§ WHAT YOU ARE ASKED TO DO:
Down to the last line, reproduce the data that follows, but skip the pictures.

§ SUPPLIED INFORMATION:

────────

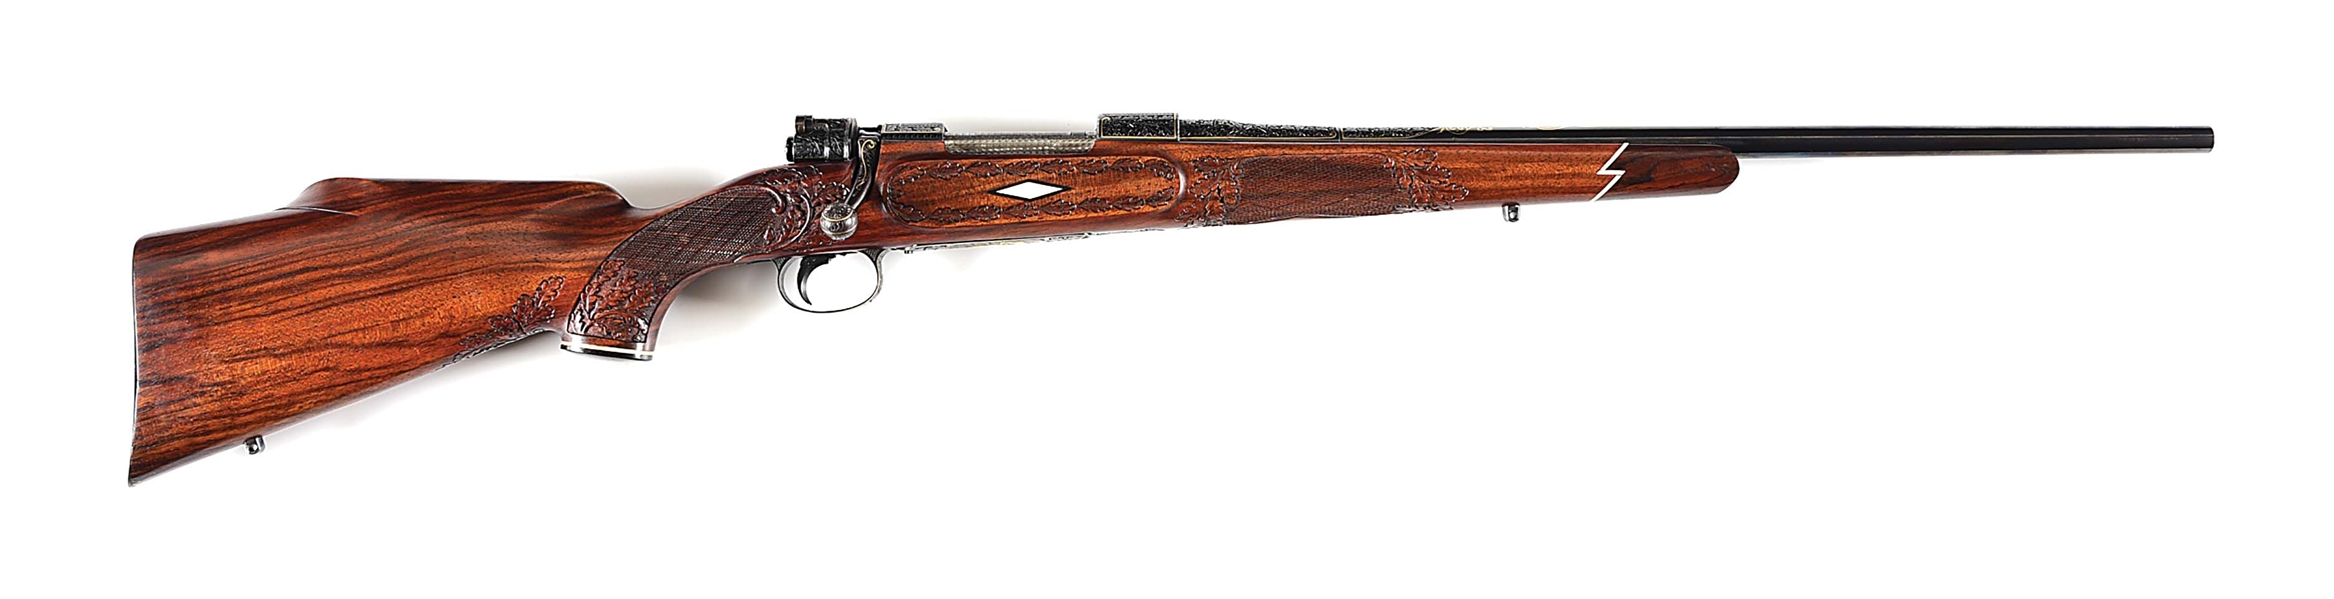 (C) ORNATE AND HIGHLY ATTRACTIVE KURT JAEGER MAUSER BOLT ACTION RIFLE IN .30-06 SPRINGFIELD.
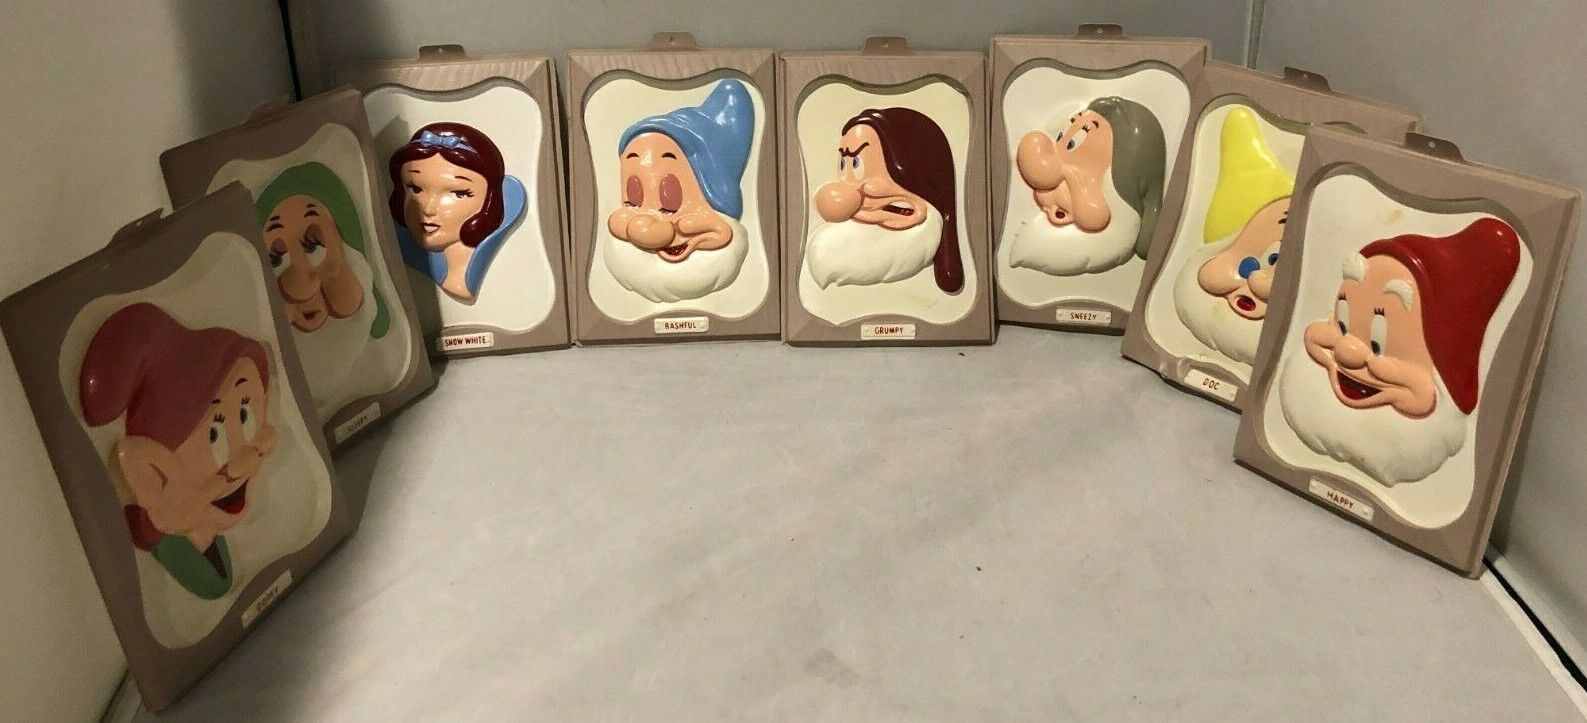 RARE 1958 Snow White & the 7 Dwarfs Wall Hanging Set 5x7 Plastic Molded Plaques
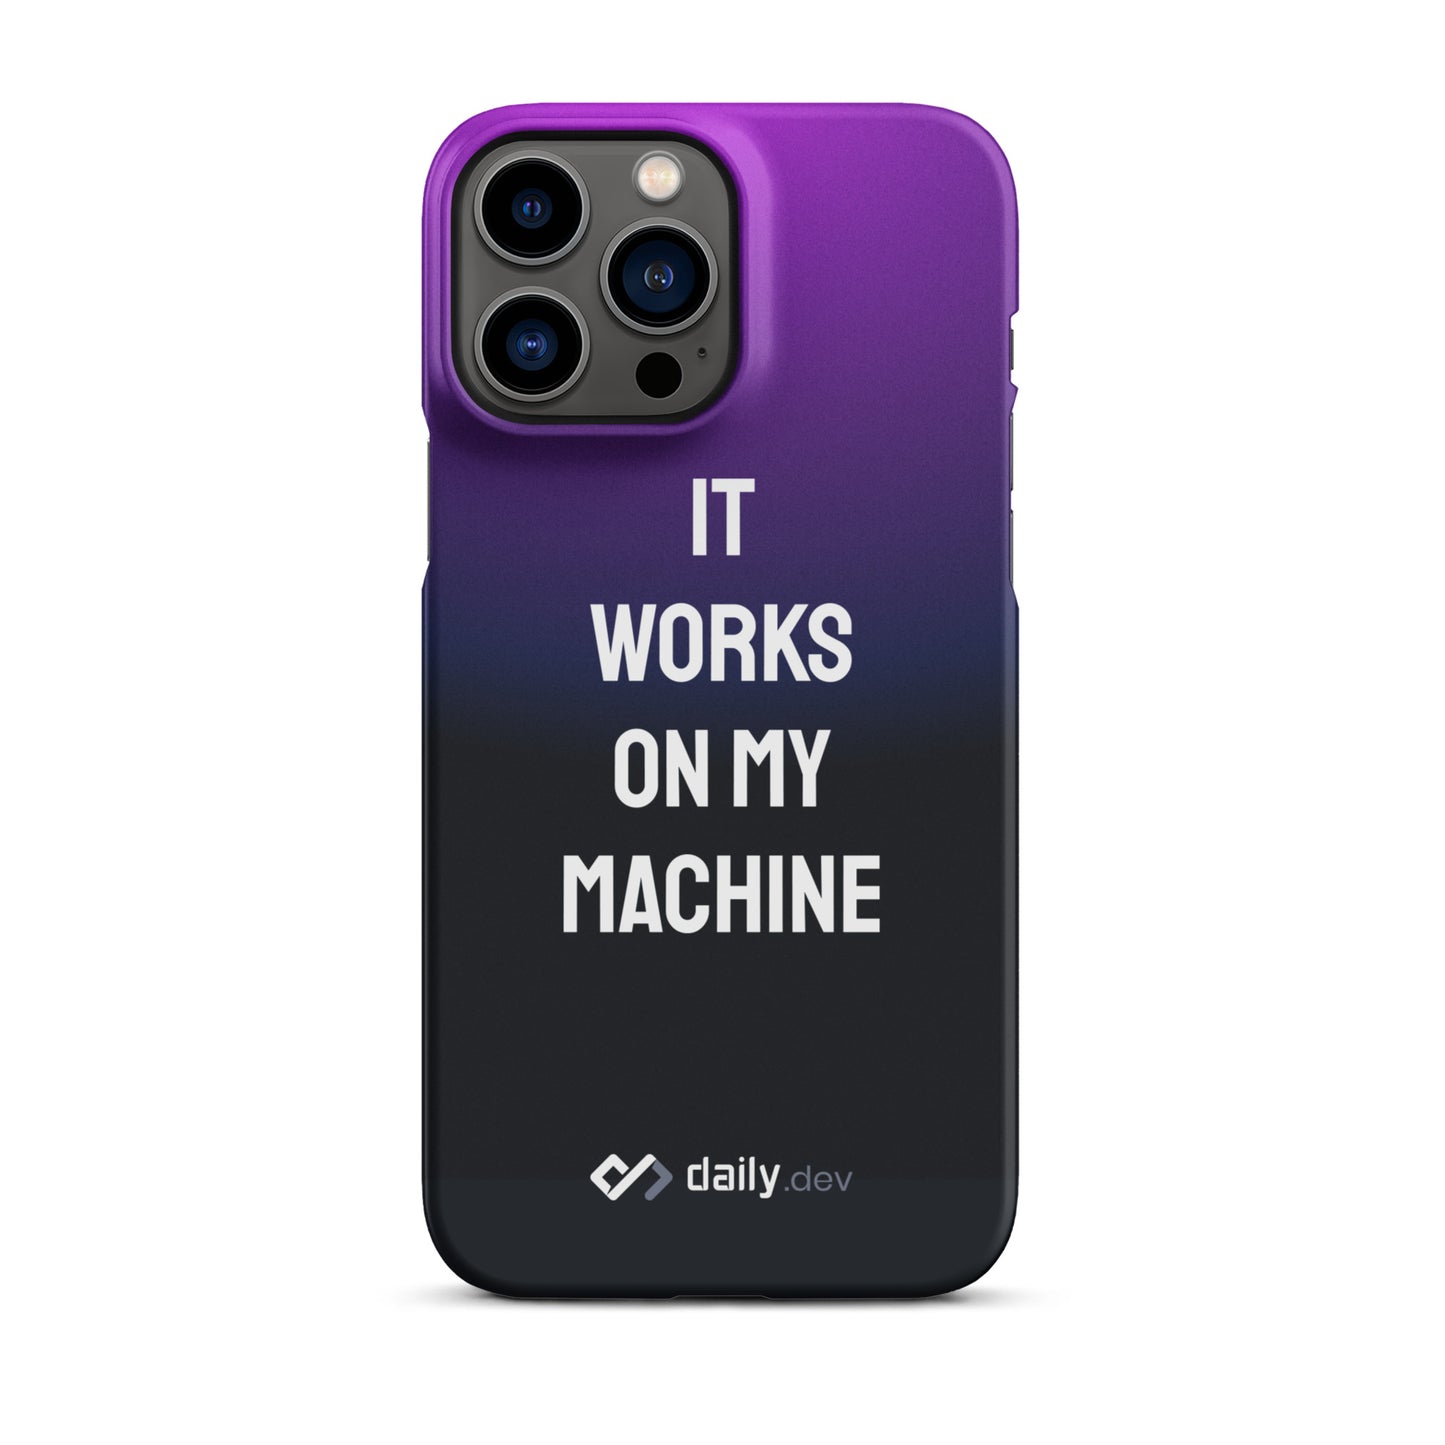 daily.dev Snap case for iPhone® - It works on my machine
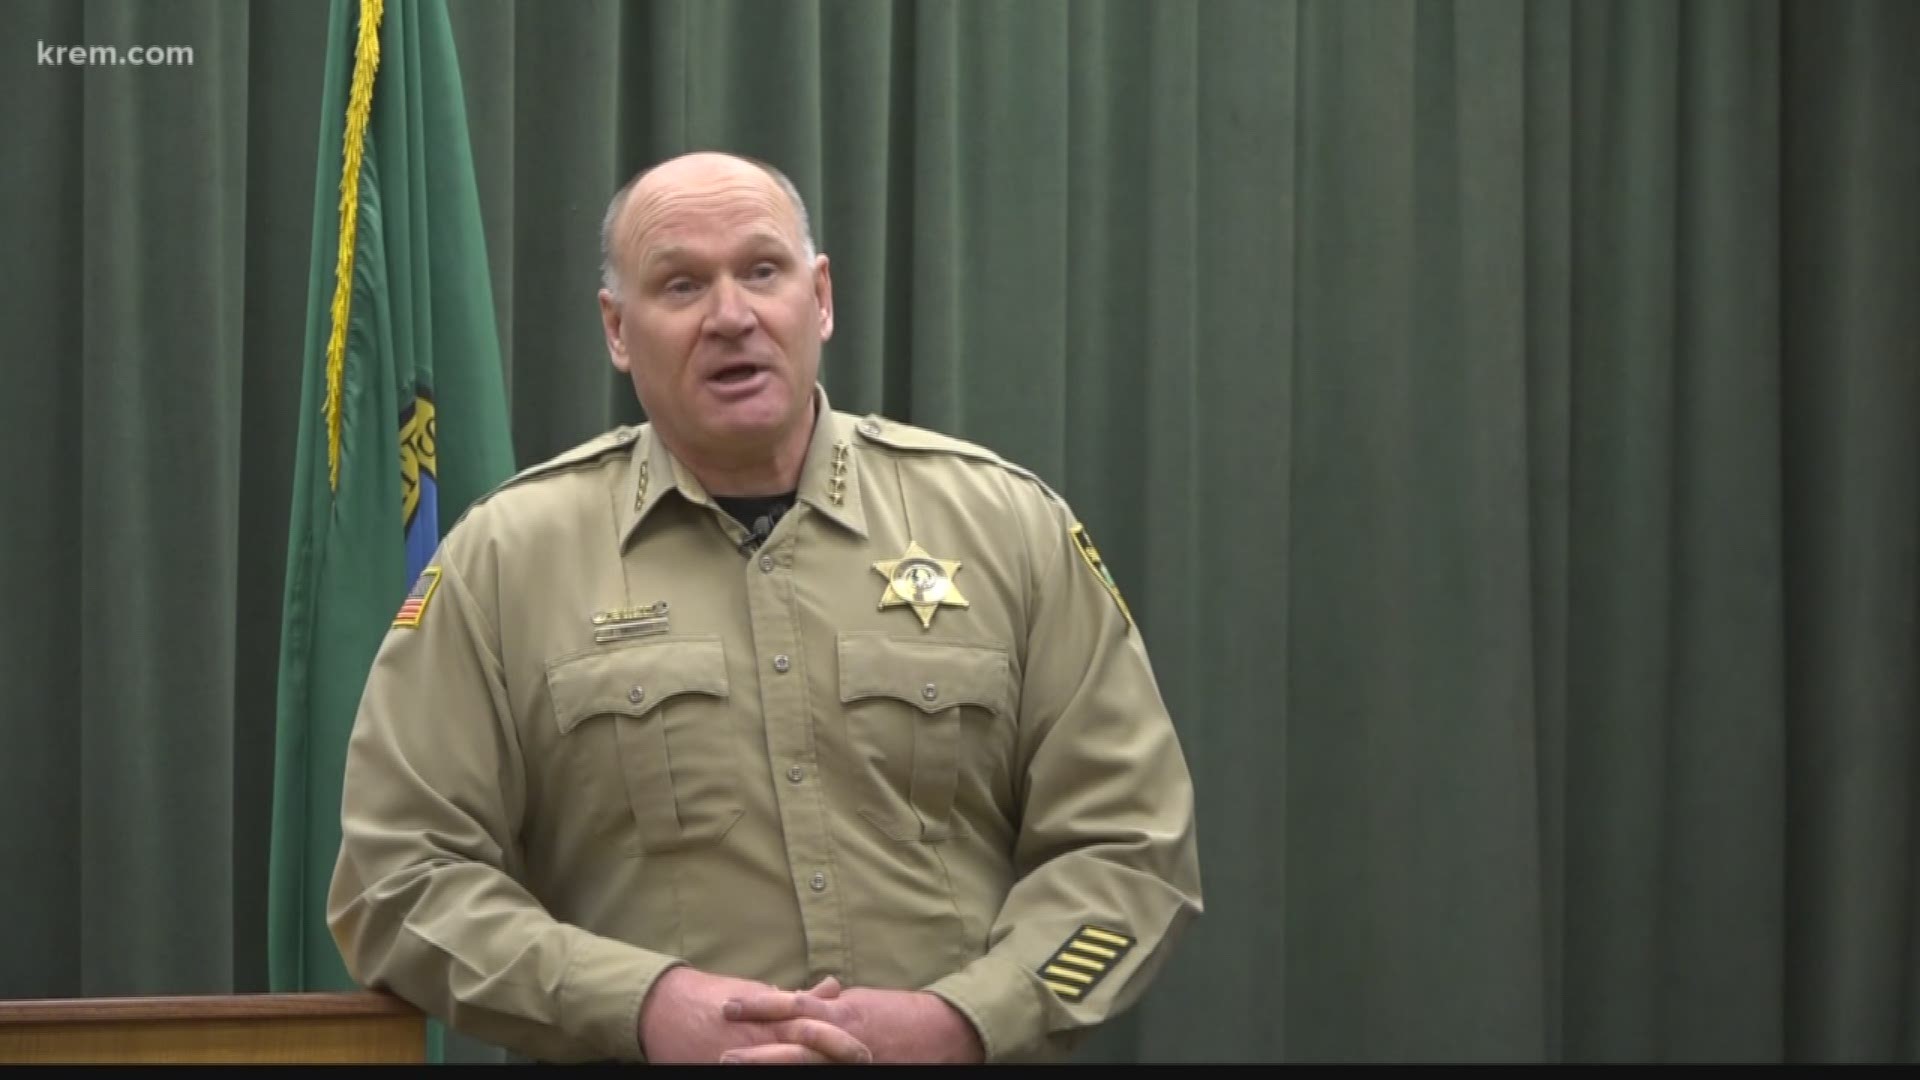 Spokane Co. Sheriff Ozzie Knezovich said he will not seek re-election at the end of his term, as he wants to pursue a master's degree. He took office in 2006.

────────

§ ANSWER SECTION:
 (C) ORNATE AND HIGHLY ATTRACTIVE KURT JAEGER MAUSER BOLT ACTION RIFLE IN .30-06 SPRINGFIELD.
 RARE 1958 Snow White & the 7 Dwarfs Wall Hanging Set 5x7 Plastic Molded Plaques
 daily.dev Snap case for iPhone® - It works on my machine
 Spokane Co. Sheriff Ozzie Knezovich said he will not seek re-election at the end of his term, as he wants to pursue a master's degree. He took office in 2006.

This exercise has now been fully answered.